Timing depends on the problem. When the issue is technical and the page is already important, I can sometimes see movement within a few days to two weeks. Sitemap and canonical cleanup across many URLs often takes longer. Content improvements usually need several weeks. Large duplicate sets or broader site-quality issues can take a month or more. In practice, I often see core service pages reviewed faster than deep blog posts, especially when those service pages are linked from the homepage and main navigation. I use Request Indexing only after a real fix.
Preventing indexing issues
Prevention is less exciting, but it saves more time than reactive fixes. Most indexing problems do not appear out of nowhere. I usually see them build through page sprawl, messy launches, weak templates, or quiet technical changes. To keep the site stable, I stick to a simple operating rhythm:
- Review Search Console regularly for changes in indexed and excluded page counts.
- Check the highest-value pages first rather than the easiest pages to fix.

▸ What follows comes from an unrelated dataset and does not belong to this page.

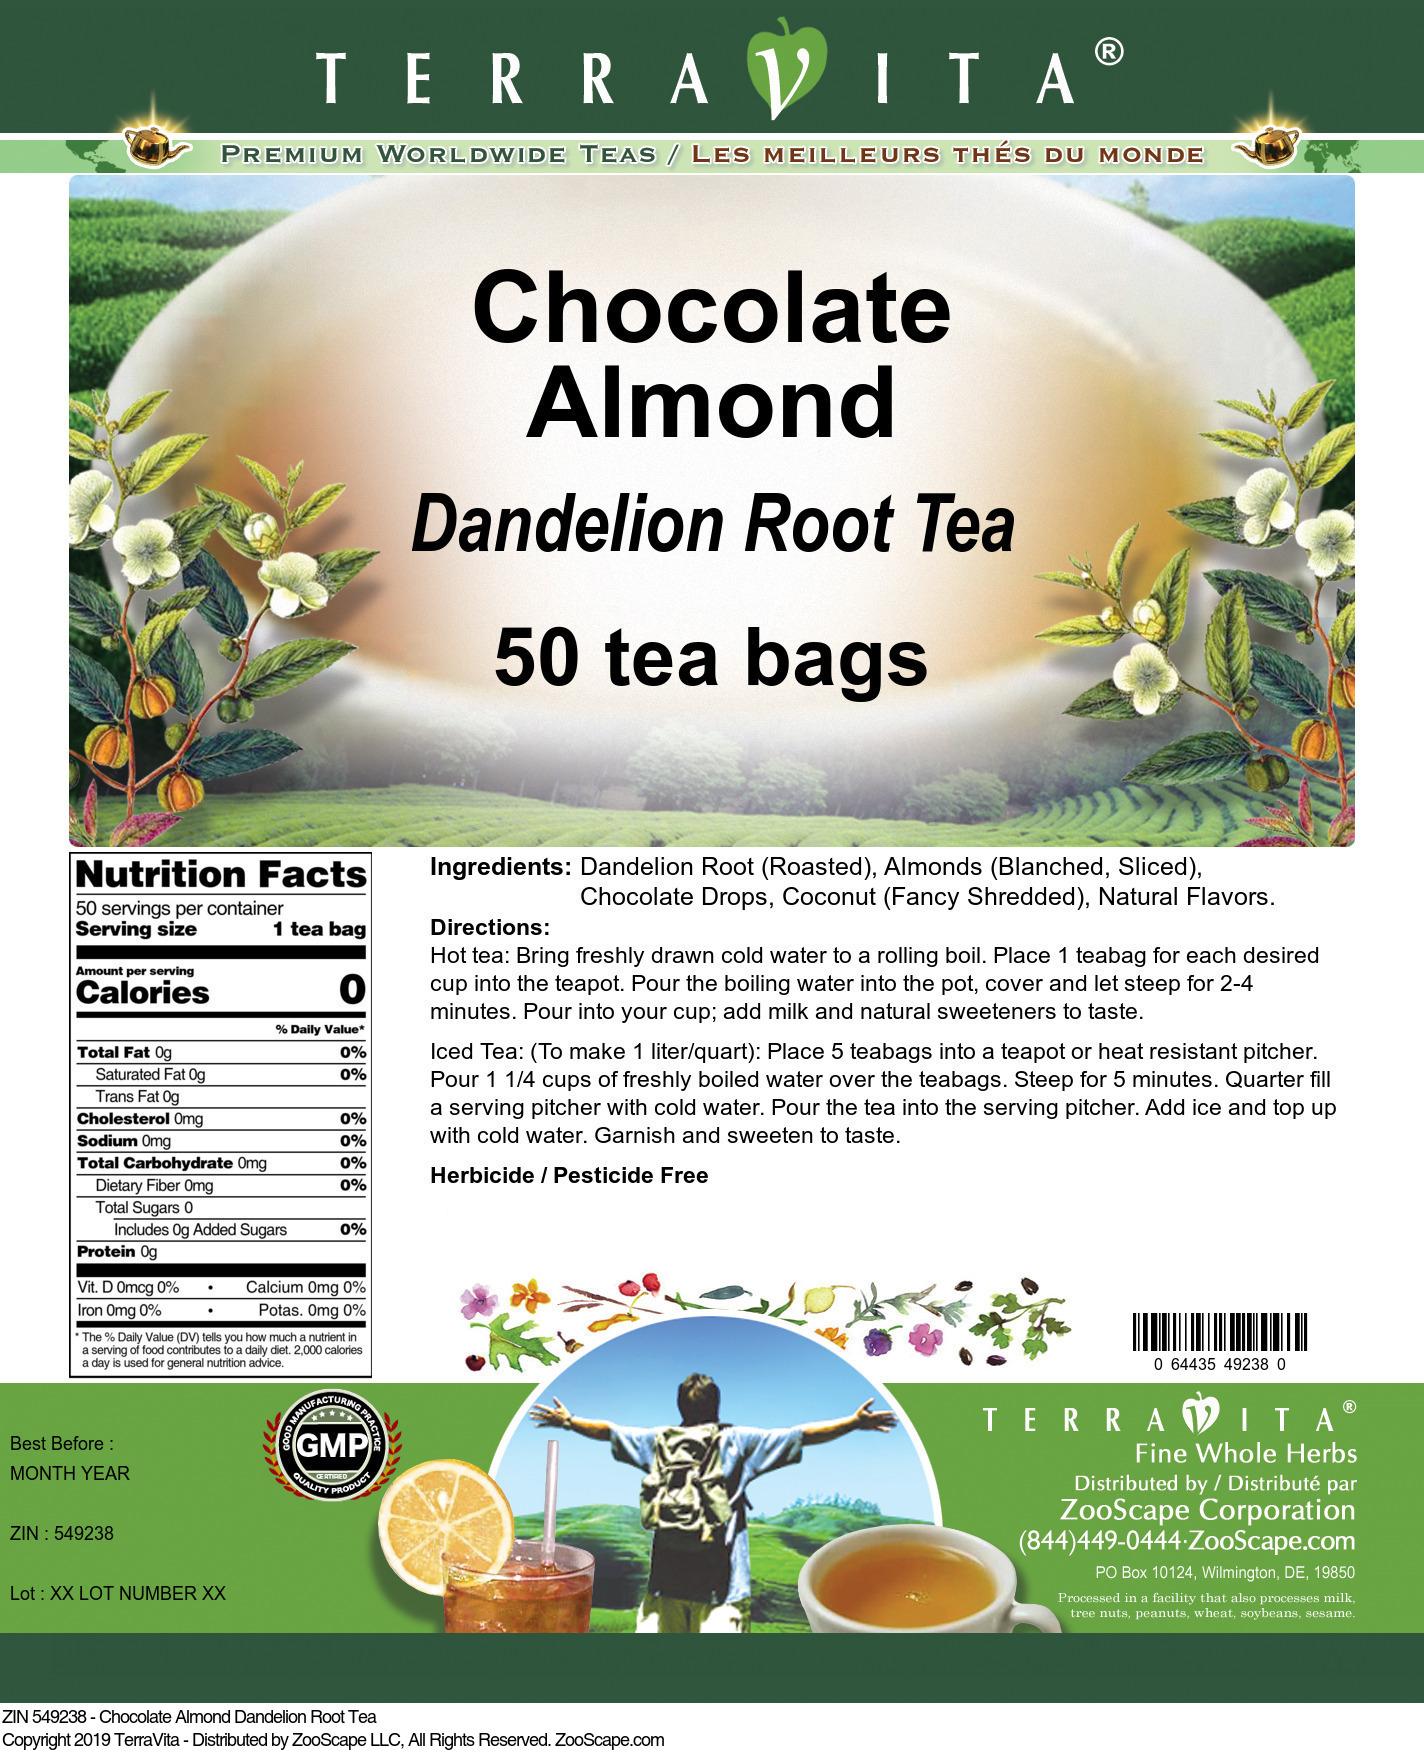 Chocolate Almond Dandelion Root

- Keep XML sitemaps limited to canonical, indexable URLs.
- Revisit internal linking whenever I publish new service pages or case studies.
- Test templates before launch for
noindex, canonicals, and rendering output. - Watch migrations and infrastructure changes closely, especially hosting, DNS, HTTPS, and CDN updates.
- Monitor for server errors, crawl blocks, and sudden index drops.
- Maintain content standards so weak pages do not accumulate.
I also think there is a broader shift behind many of these issues. Google appears less willing to keep weak pages in the index than it once was, and that posture keeps evolving with ongoing Google Algorithm Updates. For service firms, that usually argues for a tighter content system, not a larger one. It also fits the way modern search is changing, as covered in how LLM-based search changes B2B content requirements.
I would rather have fewer pages with real depth, sharp intent, and stronger topic connections than a large archive of vague pages Google keeps ignoring. For most B2B service sites, I do not need 500 pages to perform well. I need a cleaner site, better-connected pages, and content that gives Google a real reason to keep the important URLs in its index.